Node should not be Enumerable; and should have a better attributes API

  • #679 Mixing in Enumerable has some unintended consequences; plus we want to improve the attributes API

  • Some ideas for a better attributes API?

  • (closed) #666
  • #765

improve CSS query parsing

  • #528 support :not() with a nontrivial argument, like :not(div p.c)

  • #451 chained :not pseudoselectors

  • better jQuery selector and CSS pseudo-selector support:

  • #621
  • #342
  • #628
  • #652
  • #688

  • #394 nth-of-type is wrong, and possibly other selectors as well

  • #309 incorrect query being executed

  • #350 :has is wrong?

DocumentFragment

  • there are a few tickets about searches not working properly if you use or do not use the context node as part of the search.
  • #213
  • #370
  • #454
  • #572 could we fix this by making DocumentFragment be a subclass of NodeSet?

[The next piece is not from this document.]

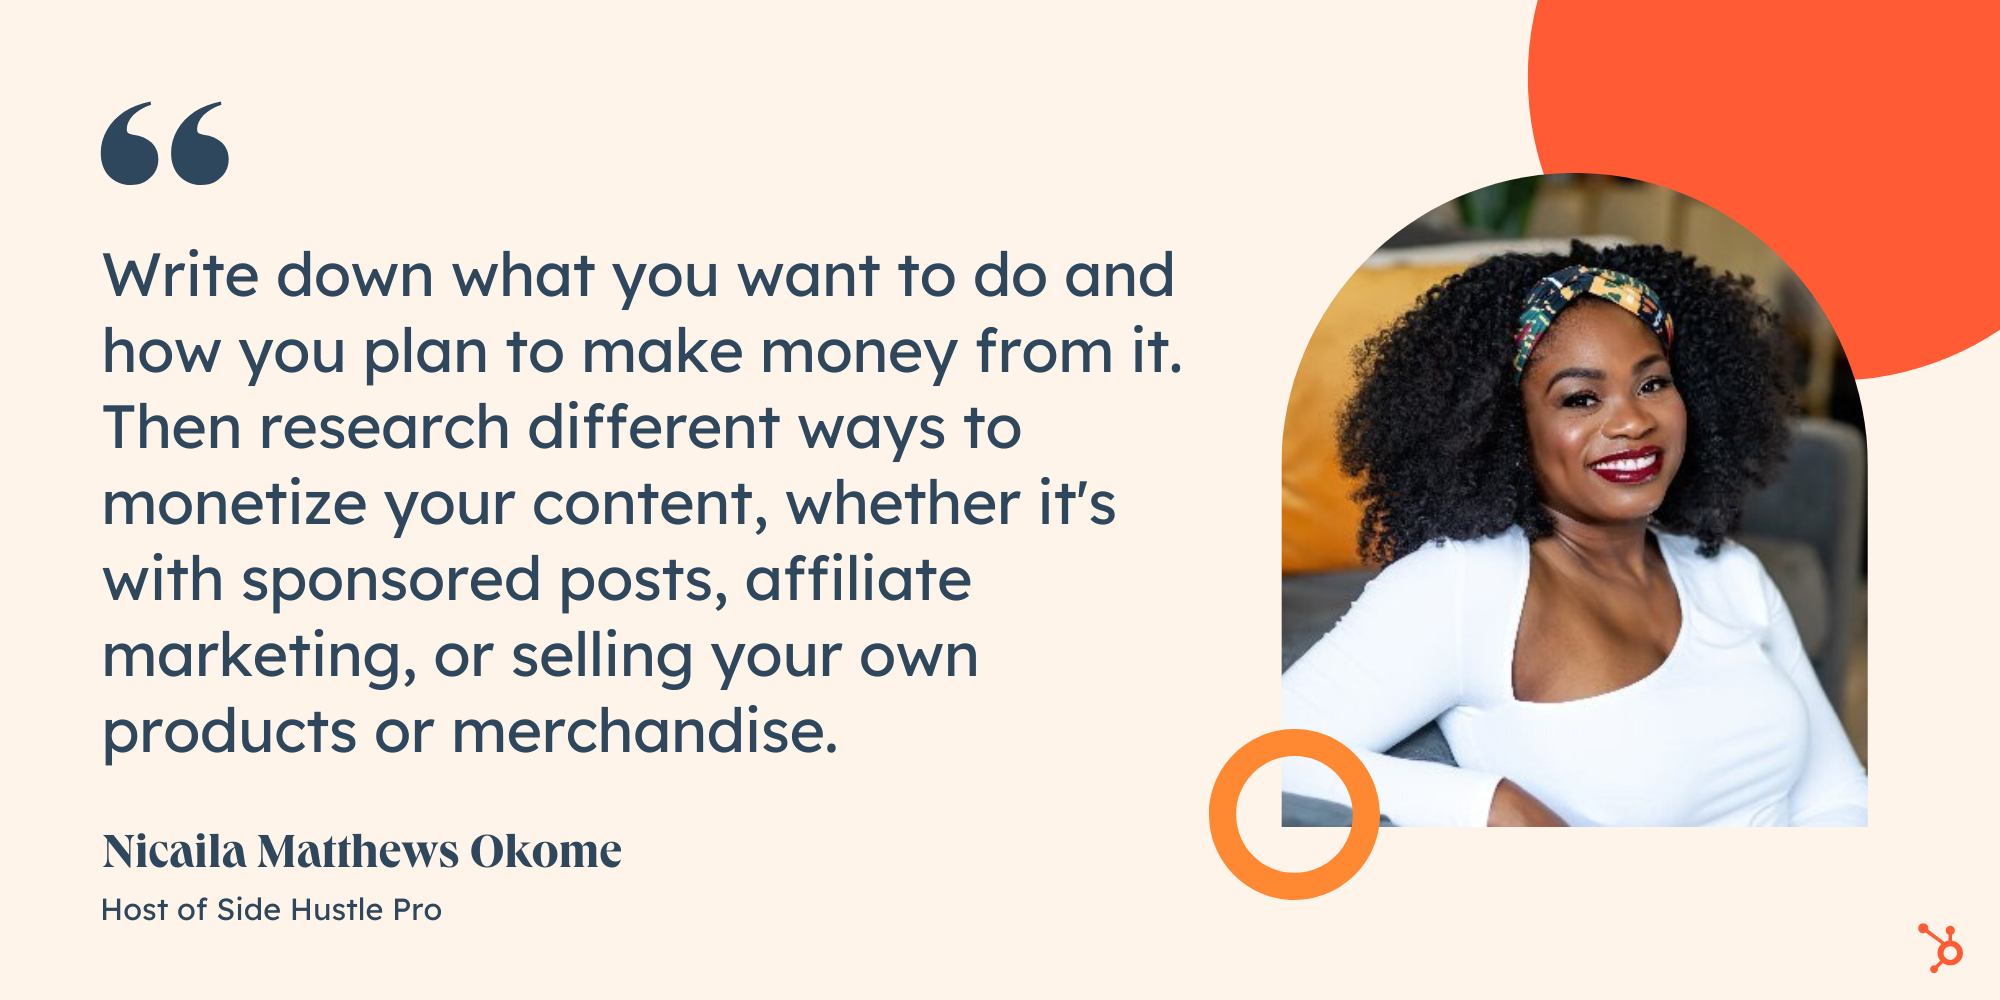 Nichella Mathews Okome on becoming a full-time content creator

Better Syntax for custom XPath function handler

Better Syntax around Node#xpath and NodeSet#xpath

  • look at those methods, and use of Node#extract_params in Node#{css,search}
  • we should standardize on a hash of options for these and other calls
  • what should NodeSet#xpath return?
  • #656

Encoding

We have a lot of issues open around encoding. How bad are things? Somebody who knows encoding well should head this up.

Reader

It's fundamentally broken, in that we can't stop people from crashing their application if they want to use object reference unsafely.

Class methods that require Document

There are a few methods, like Nokogiri::XML::Comment.new that require a Document object.

We should probably make Document instance methods to wrap this, since it's a non-obvious expectation and thus fails as a convention.

So, instead, let's make alternative methods like Nokogiri::XML::Document#new_comment, and recommend those as the proper convention.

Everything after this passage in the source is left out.